Сегодня Марина уехала в другой город на несколько дней. Они уехали с самого утра всей своей шоблой. Я проводил их на вокзале. Смешные такие, серьезные, с музыкальными инструментами наперевес. Какая-то халтура у них там подвернулась. Дерьмовое место и хорошие деньги. Всегда так, либо одно, либо другое.
Поэтому теперь я был абсолютно спокоен. В кои-то веки абсолютно все было будто предрешено на несколько дней вперед. Никто не завалится под вечер, никакого пьяного бреда в сигаретном дыму, никаких пустых бутылок на кухне под столом. Но теперь это словно бы и не в радость. Воспринимается как нечто нормальное и все. А вот от елки есть радость, просто радость. Простая и понятная. Может я все же впал в детство? Или же не покидал его? Все же земной шар вращается непросто так, иногда все в очередной раз становится с ног на голову.
Остаток дня я провел за компьютером, перечитывая и переосмысливая написанное. Забавный процесс. Надо было привести все в полный порядок, перед тем как навсегда отложить в стол. Отложить, чтобы очиститься для нового. Круговорот вещей в природе. Вещей и физических и духовных. Все вращается. Иначе бы не было смысла заканчивать один роман, начиная другой. Можно было бы бесконечно писать тот единственный, ради которого существует все это влечение.
А может так оно и есть? И во всем этом нет никакого смысла? Спрашивать себя можно бесконечно, но этот вопрос задаю не я, этот вопрос рождает лишь пустота, которая незамедлительно приходит в паузе между настоящим.
Великолепный пафос! Нет, я все же настоящий художник. Просто не понятый. Не каждый, кто здорово пишет, попадает в такт сиюминутному восприятию.

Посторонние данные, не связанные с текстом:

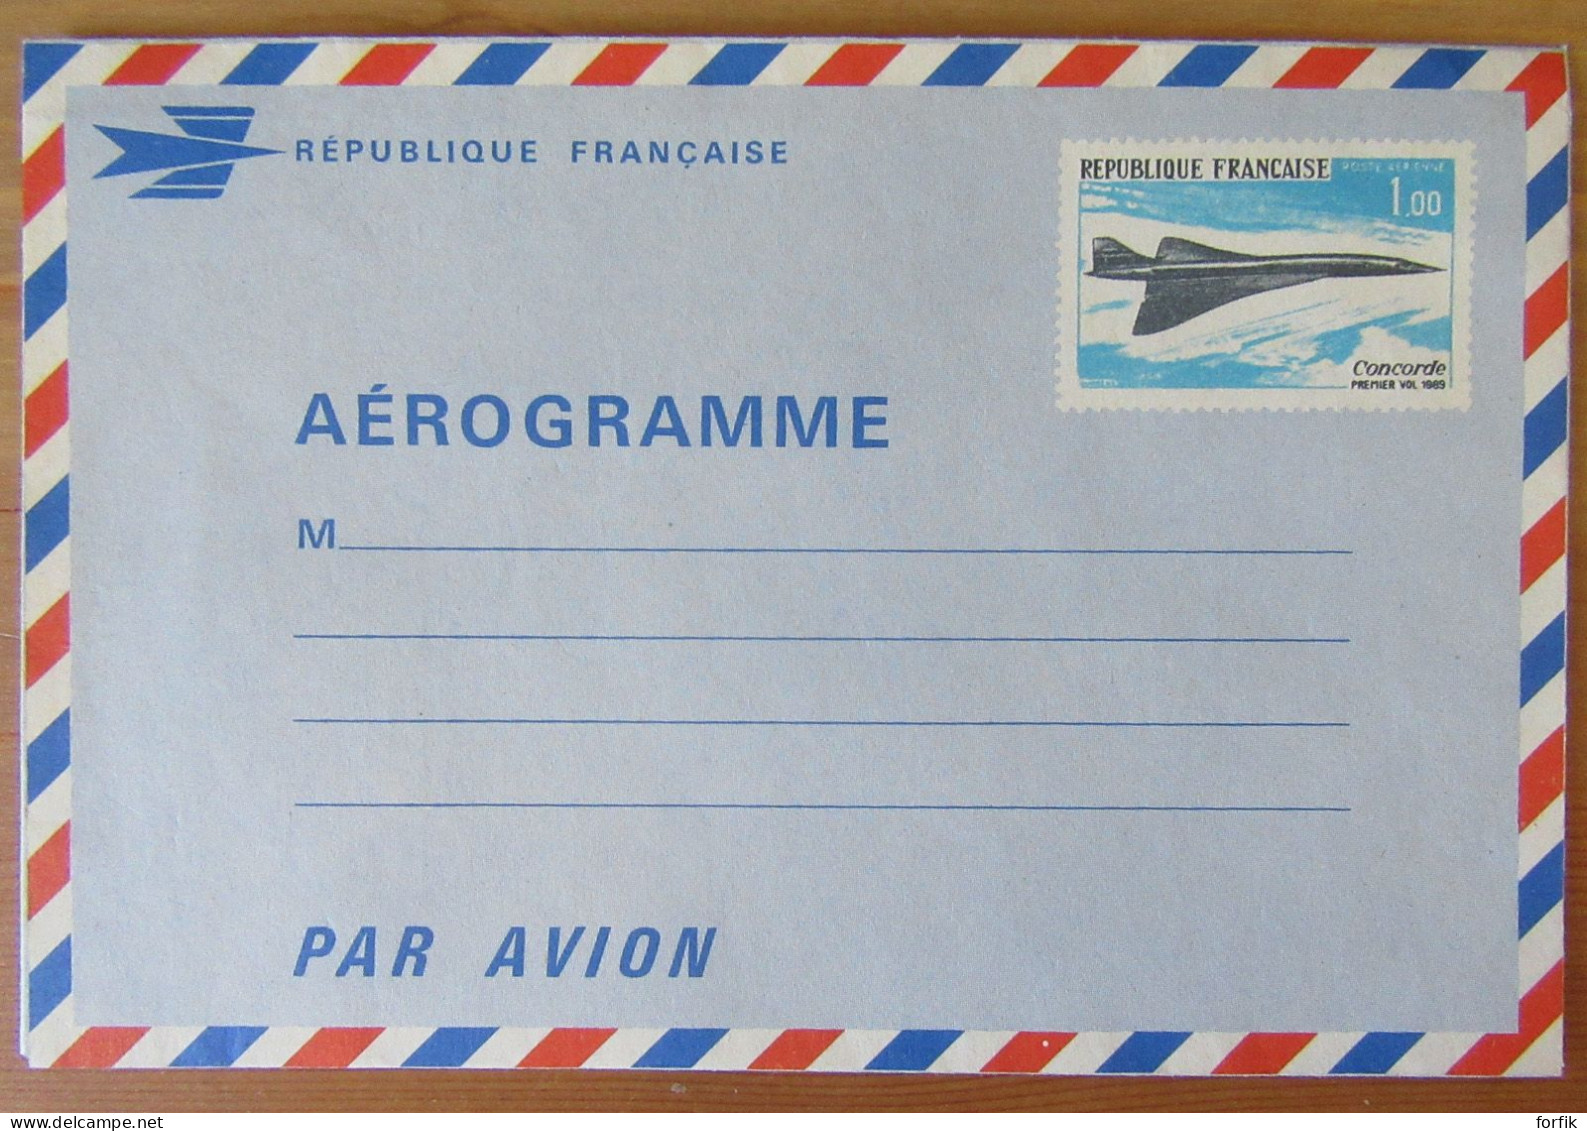 France - Aérogramme Concorde 1001-AER Neuf - Aérogrammes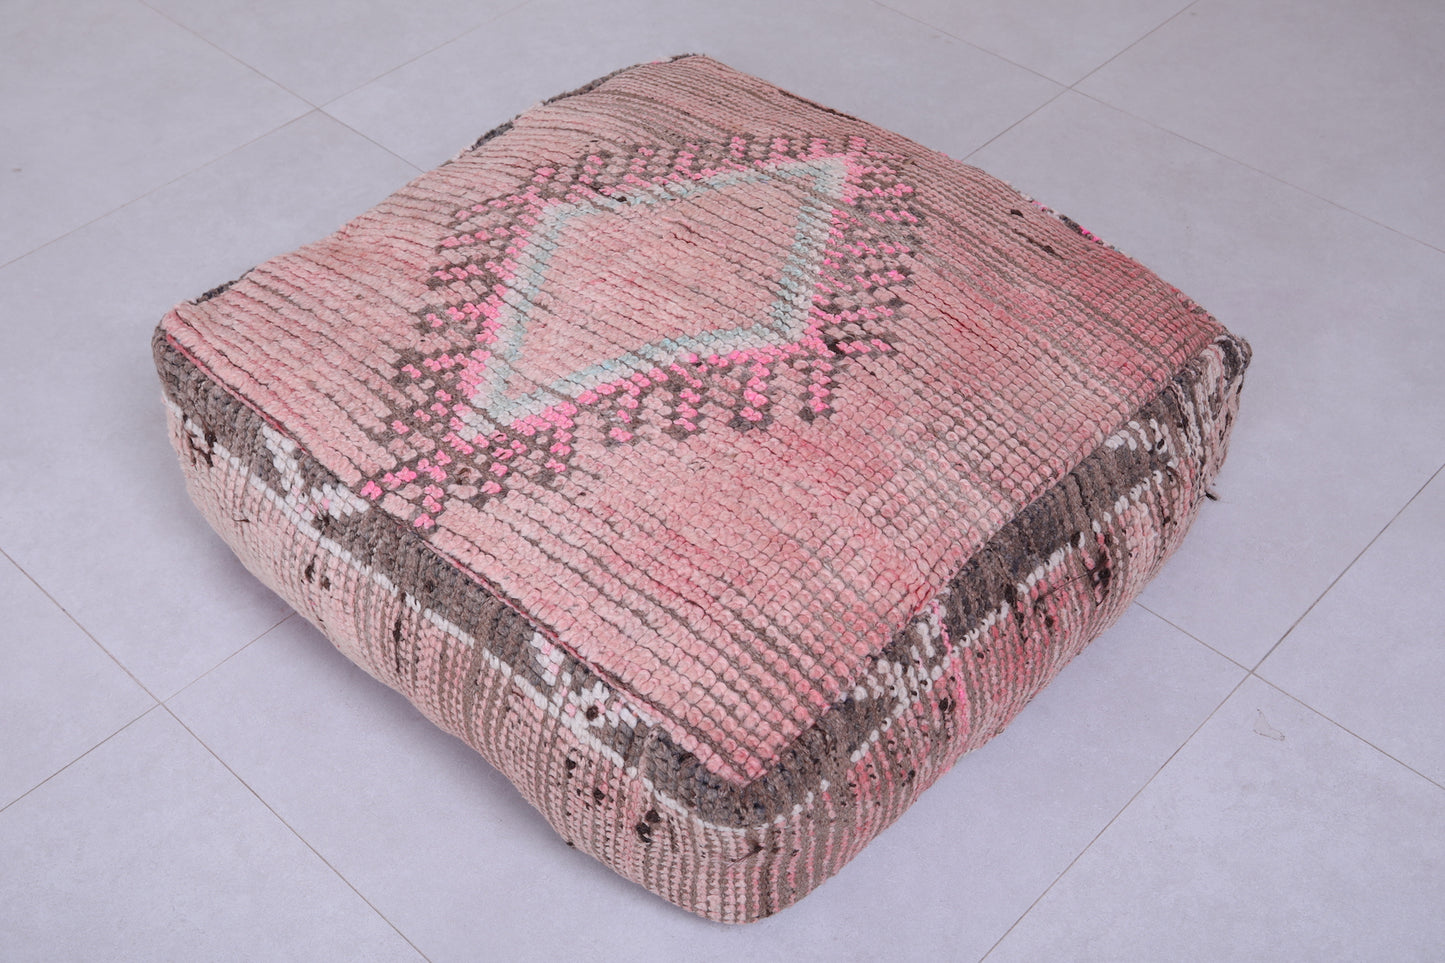 Moroccan handmade ottoman rug pouf

Успокоив себя таким образом и закончив на сегодня копаться в собственном, уже немного чужом тексте, я пошел курить на кухню. Вместе со мной на кухню ринулся кот, проскользнув между ног. Это был ритуальный акт, пропустить который не мог ни он, ни я. Это уже такая традиция. Любое повторяющееся действие можно объявить традицией, чтобы с нежностью относится к повседневности.
В холодильнике осталась недопитая бутылка вина. И это тоже традиция. Что касается кота, у того всего-навсего закончилась еда, и он требовал традиционного ужина.
После прочтения романа, а может и с тех самых пор, как я поставил последнюю точку, я не мог отвязаться от своего героя. Каково бы было мне на его месте? Тут уж никакая елка бы не спасла. Провал, чернота. А ведь ничего уж такого смертельного как будто не произошло. В каком-то смысле непоправимое, но не смертельное.
Здесь все дело в отношении. Он сам подвел себя к этой черте, переступив которую назад пути нет. Хотя, наверное, с его точки зрения у него и не было никакого выбора. Просто раз и все.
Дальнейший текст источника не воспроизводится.